The Humane Society Wildlife Land Trust

The Humane Society of the United States and The Humane Society Wildlife Land Trust are offering a reward of up to $5,000 for information leading to the identification, arrest and conviction of the person or persons responsible for the illegal killing of an elk in northern Elko County, Nevada.

The Nevada Department of Wildlife is investigating the case. Game wardens believe the bull, who was shot in the head and found rotting near the Meadow Creek-Jarbridge Road, about 10 miles west of the Diamond A. Ranch, was killed sometime around March 21.

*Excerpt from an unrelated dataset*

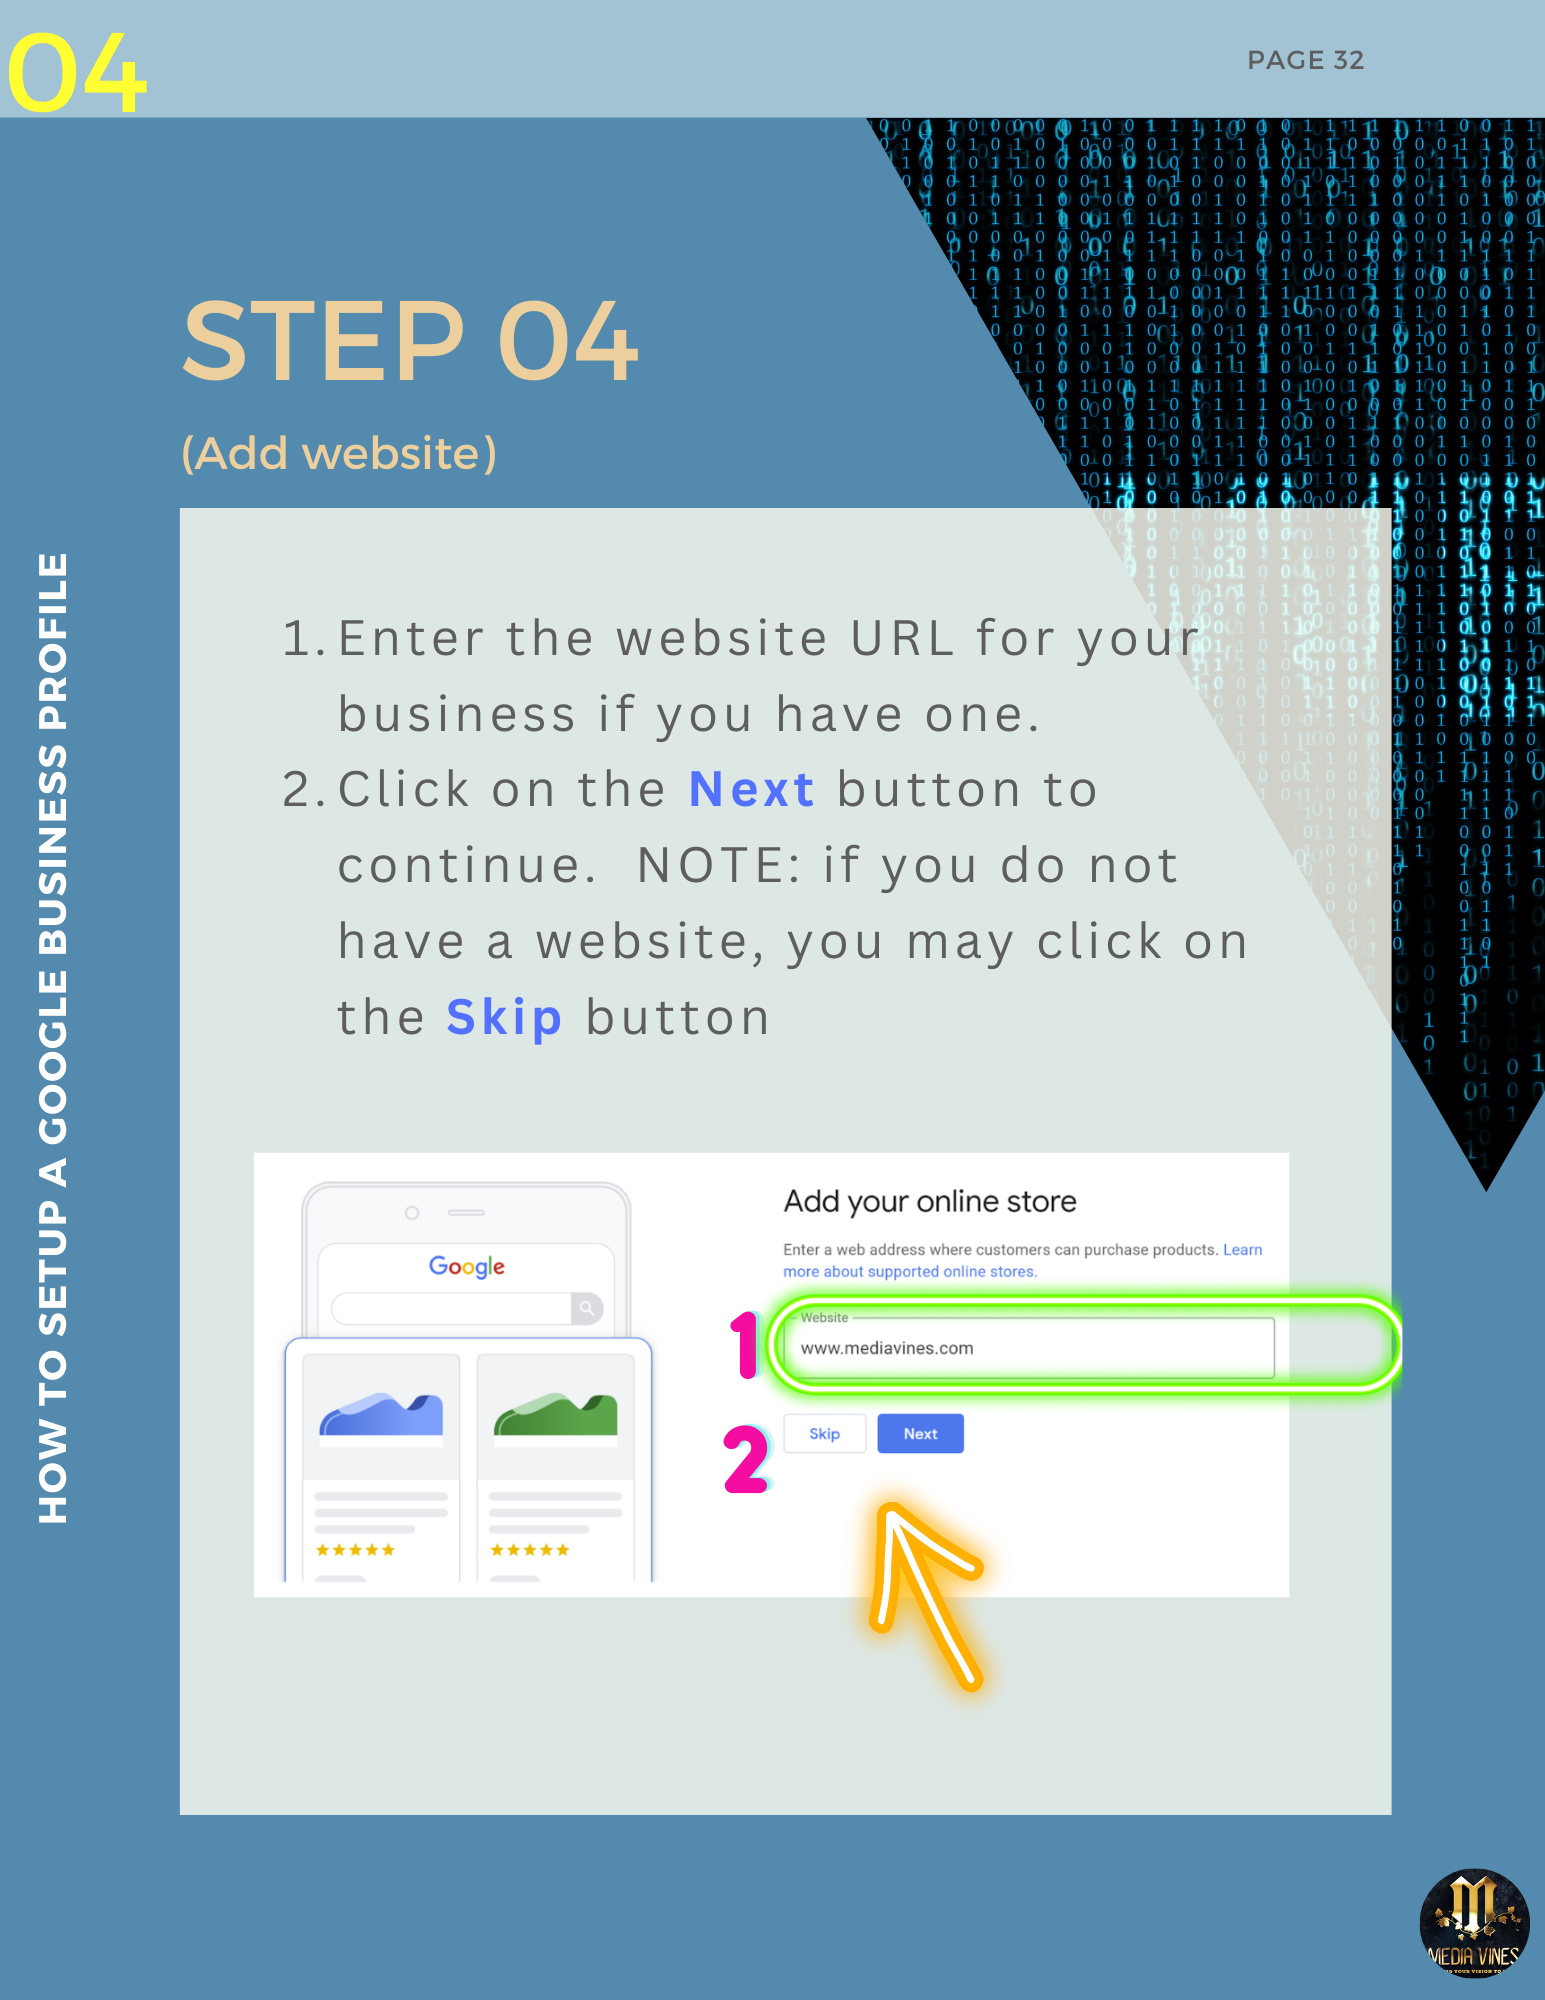 Add Website step - Guide to Google Business Profile (GBP) - a DIY ebook for small business to get listed on GBP by Media Vines Corp of Kihei, HI

Holly Haley, Nevada state director for The HSUS, said: “This killing was not only a senseless act, but a serious crime. We’re grateful to the Nevada Department of Wildlife for its tireless work to stop poaching in our state and hope our reward will encourage anyone with information to come forward.”

Fred Esparza, game warden lieutenant at NDOW, said, “We look for information from the public to solve these kinds of crimes. We know that someone saw something, and if we get the right information we can solve this senseless and shocking crime and perhaps prevent another one like it in the future.”

Big game poaching is a felony in Nevada, and a person convicted of the crime could face one to four years in prison and up to a $5,000 fine as well as the loss of hunting privileges and the seizure of equipment involved in the illegal taking of the animal.

Anyone with information about the case is asked to call Operation Game Thief at 1-800-992-3030 or NDOW’s Elko office at (775) 777-2300. 

The HSUS and the Trust work to curb poaching across the country. Visit humanesociety.org/poaching for more information.

Poaching:

  • Wildlife officials estimate that nationwide, tens of millions of animals are poached annually.
  • It is estimated that only 1 percent to 5 percent of poached animals come to the attention of law enforcement.
  • Poachers injure or kill wildlife anytime, anywhere and sometimes do so in particularly cruel ways. Wildlife officials report that poachers often commit other crimes as well.
  • The HSUS and the Trust work with state and federal wildlife agencies to offer rewards of $5,000 for information leading to arrest and conviction of suspected poachers.